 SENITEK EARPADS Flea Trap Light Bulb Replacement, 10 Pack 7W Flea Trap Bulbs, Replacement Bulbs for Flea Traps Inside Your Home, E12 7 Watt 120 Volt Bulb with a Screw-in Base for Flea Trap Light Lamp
------------------------
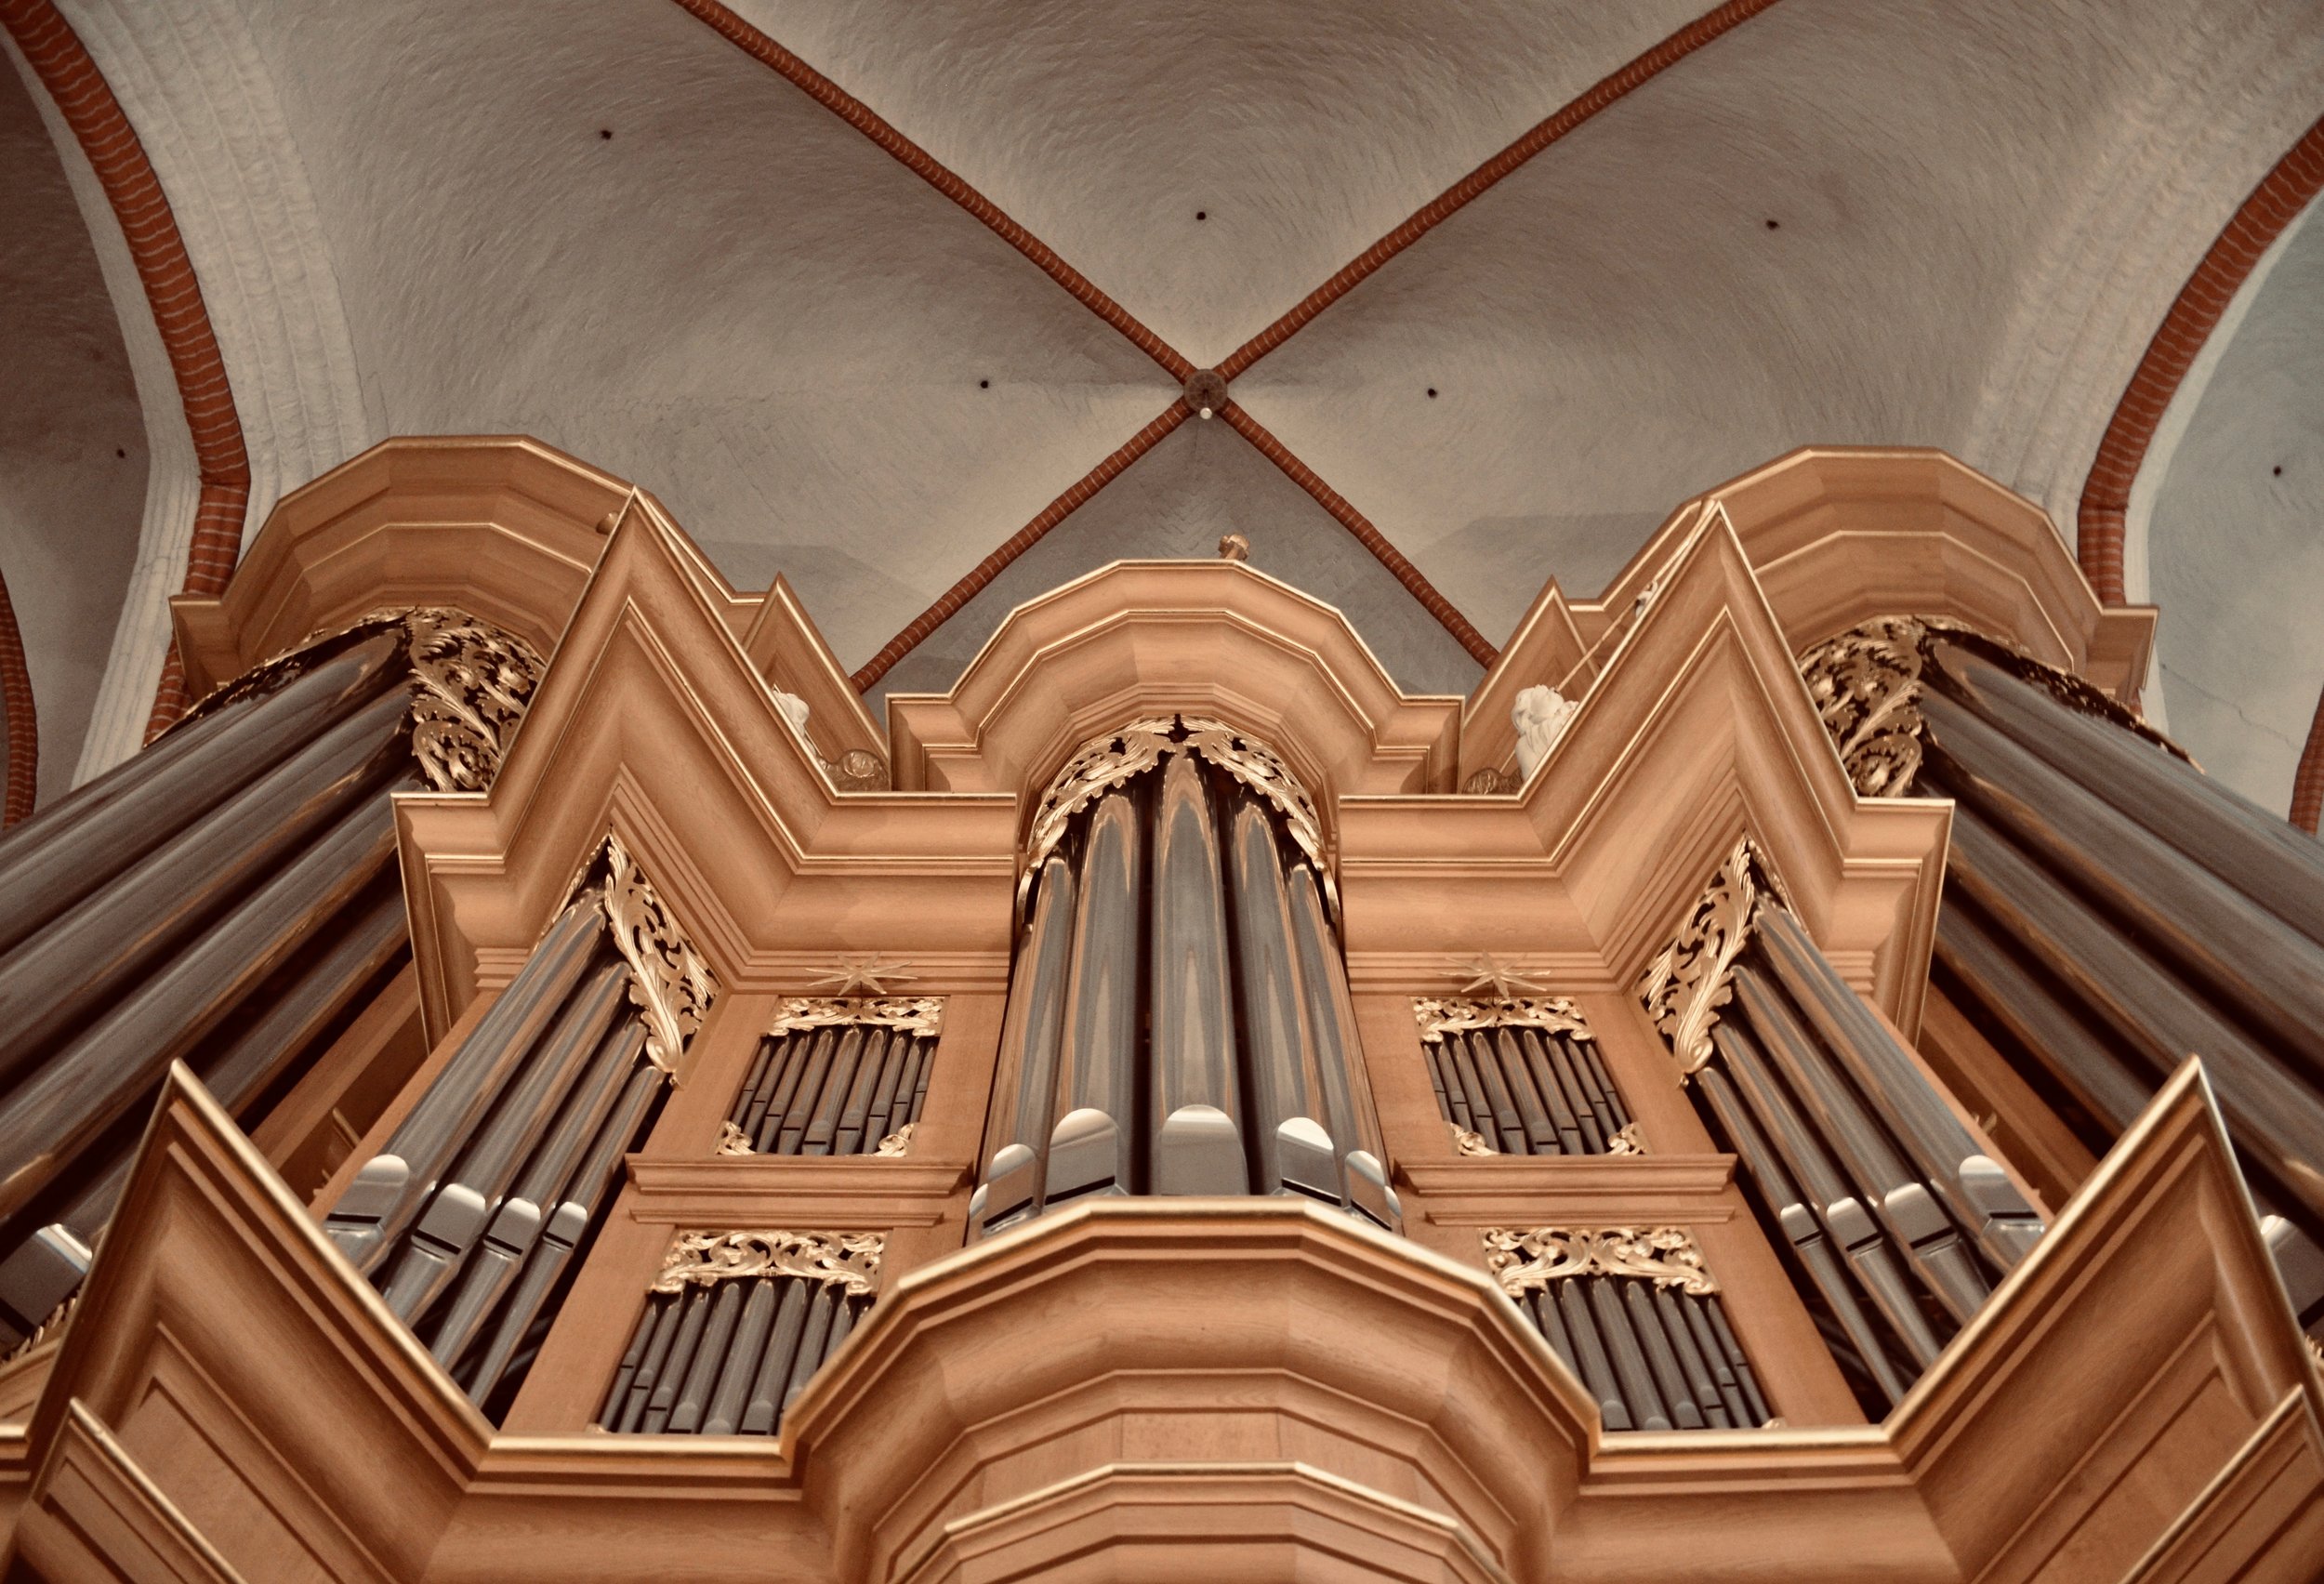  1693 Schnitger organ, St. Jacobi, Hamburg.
------------------------
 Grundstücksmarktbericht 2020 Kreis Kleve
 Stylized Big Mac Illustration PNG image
------------------------
Your reply is to repeat, unchanged, the lines above running from the one with "Grundstücksmarktbericht 2020 Kreis Kleve" up to and including the one with "Stylized Big Mac Illustration PNG image".

 Grundstücksmarktbericht 2020 Kreis Kleve
 Stylized Big Mac Illustration PNG image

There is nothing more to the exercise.